Lisa Emelia Svensson is a Swedish diplomat. Between 2016 and 2019, she was head of the oceans branch at the UN Environment Programme. She was previously her country's ambassador for Ocean.

Life
Svensson and her four siblings were brought up in a rural environment that was focused more on the sea than on their home in Bohuslän. Bohuslän lies the most western part of Sweden, bordering Norway.

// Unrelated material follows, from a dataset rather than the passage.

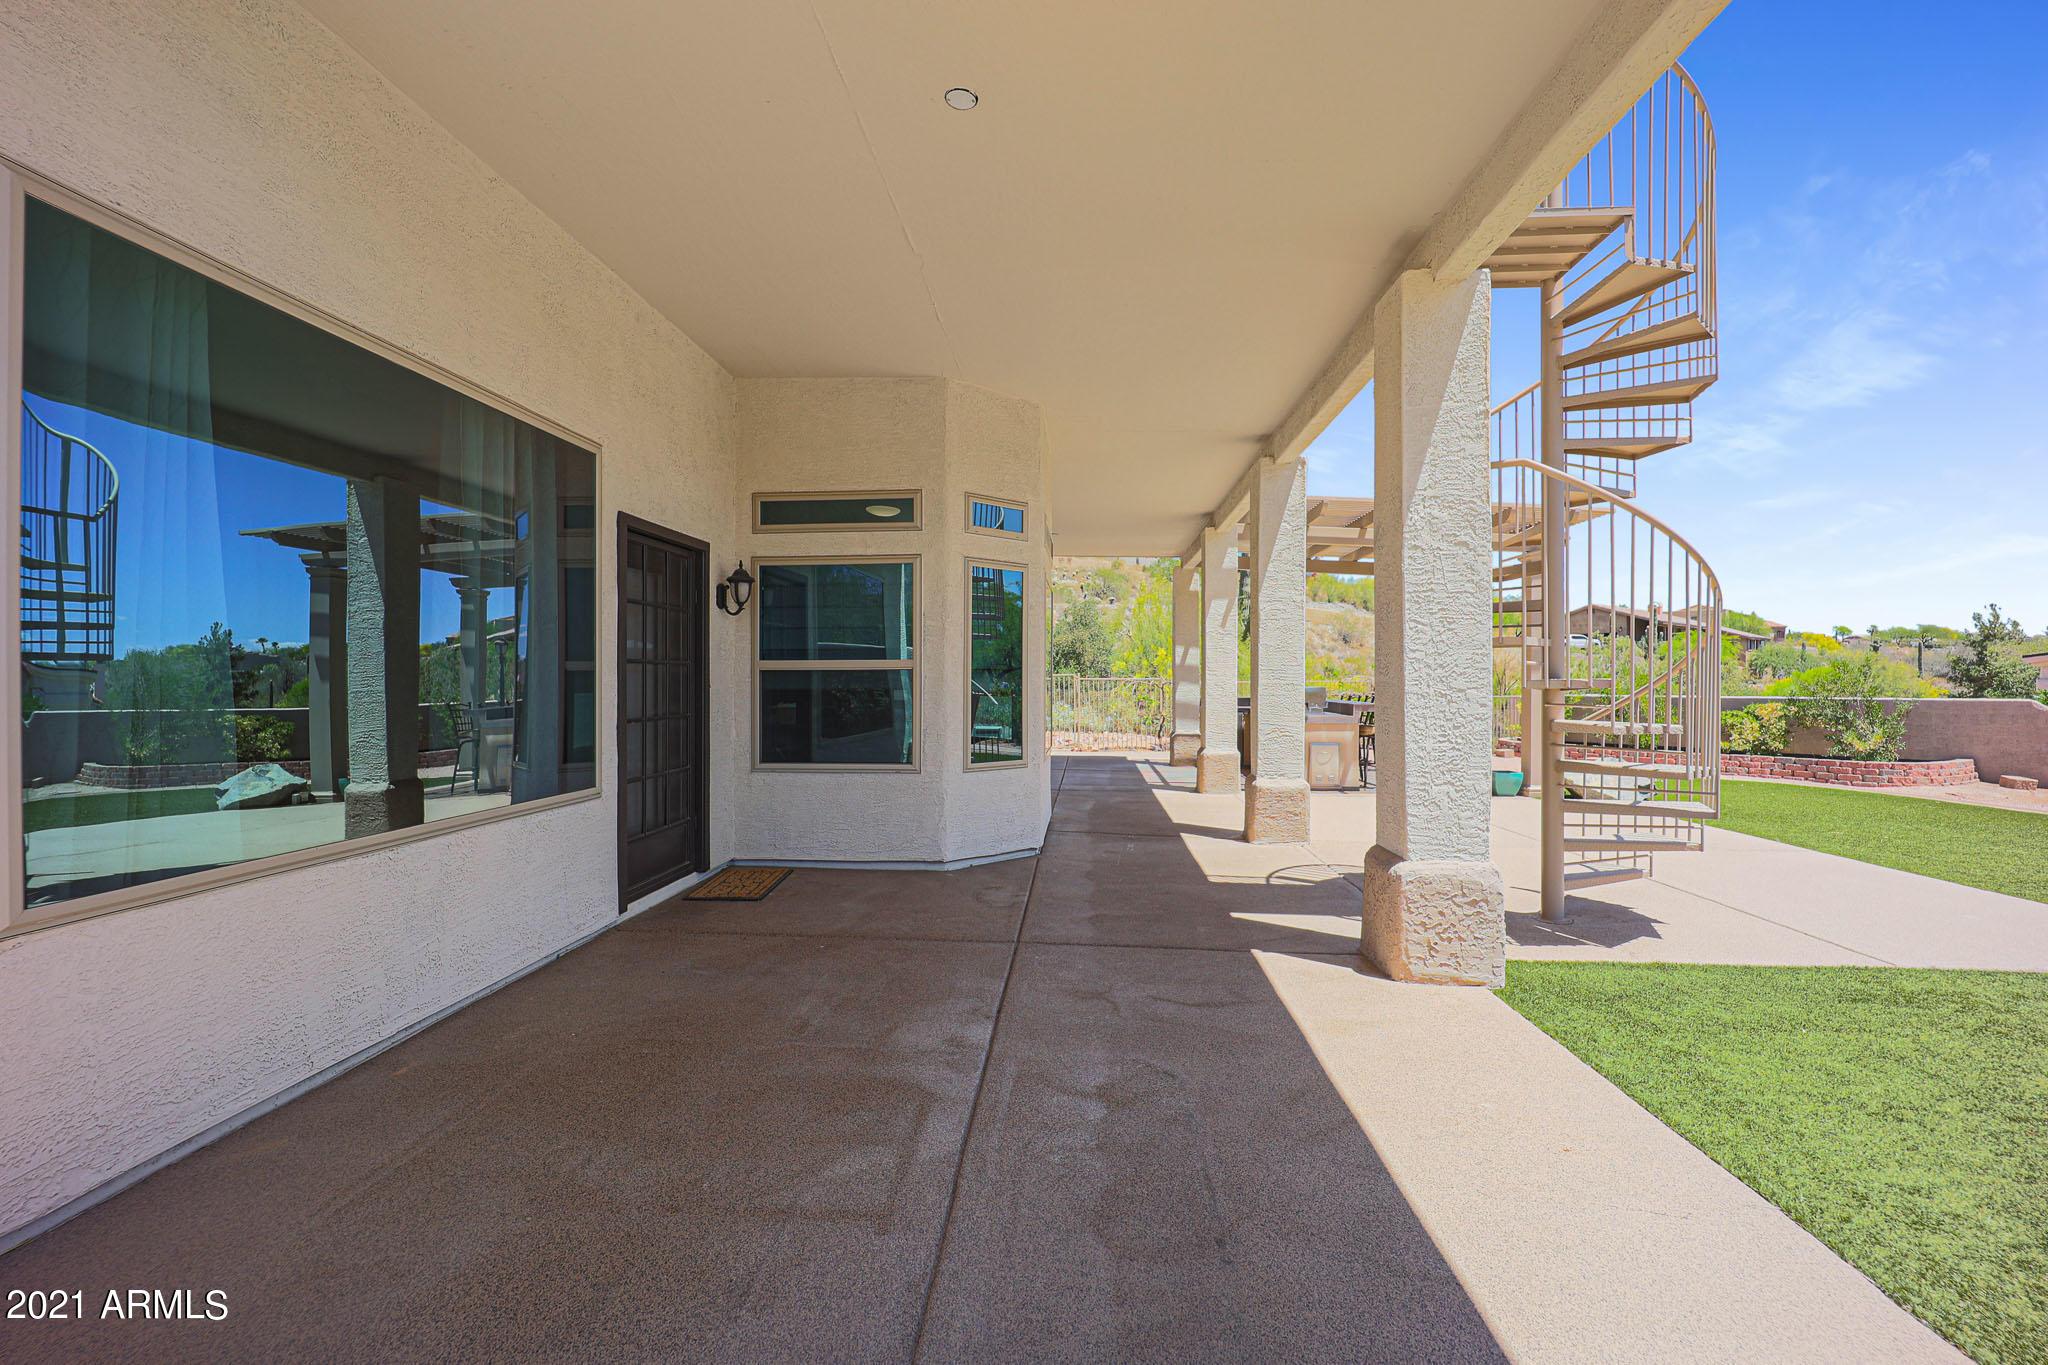 MLS 6230230 15008 E GREENE VALLEY Drive, Fountain Hills, AZ 85268 Fountain Hills AZ Eco-Friendly

Svensson has a doctorate in business administration and political economy. In 2002, she joined Sweden's diplomatic service, working in America and Belgium. She was previously a diplomat-in-residence with a focus on climate change while at Johns Hopkins University. In 2008, she published Combating Climate Change: A Transatlantic Approach to Common Solutions. The book described the state of progress informed by a 2007 conference "California-European Dialogue on Climate Change."

She led the European communities negotiations regarding sustainable development aspects of agreements with ASEAN, MERCOSUR and China.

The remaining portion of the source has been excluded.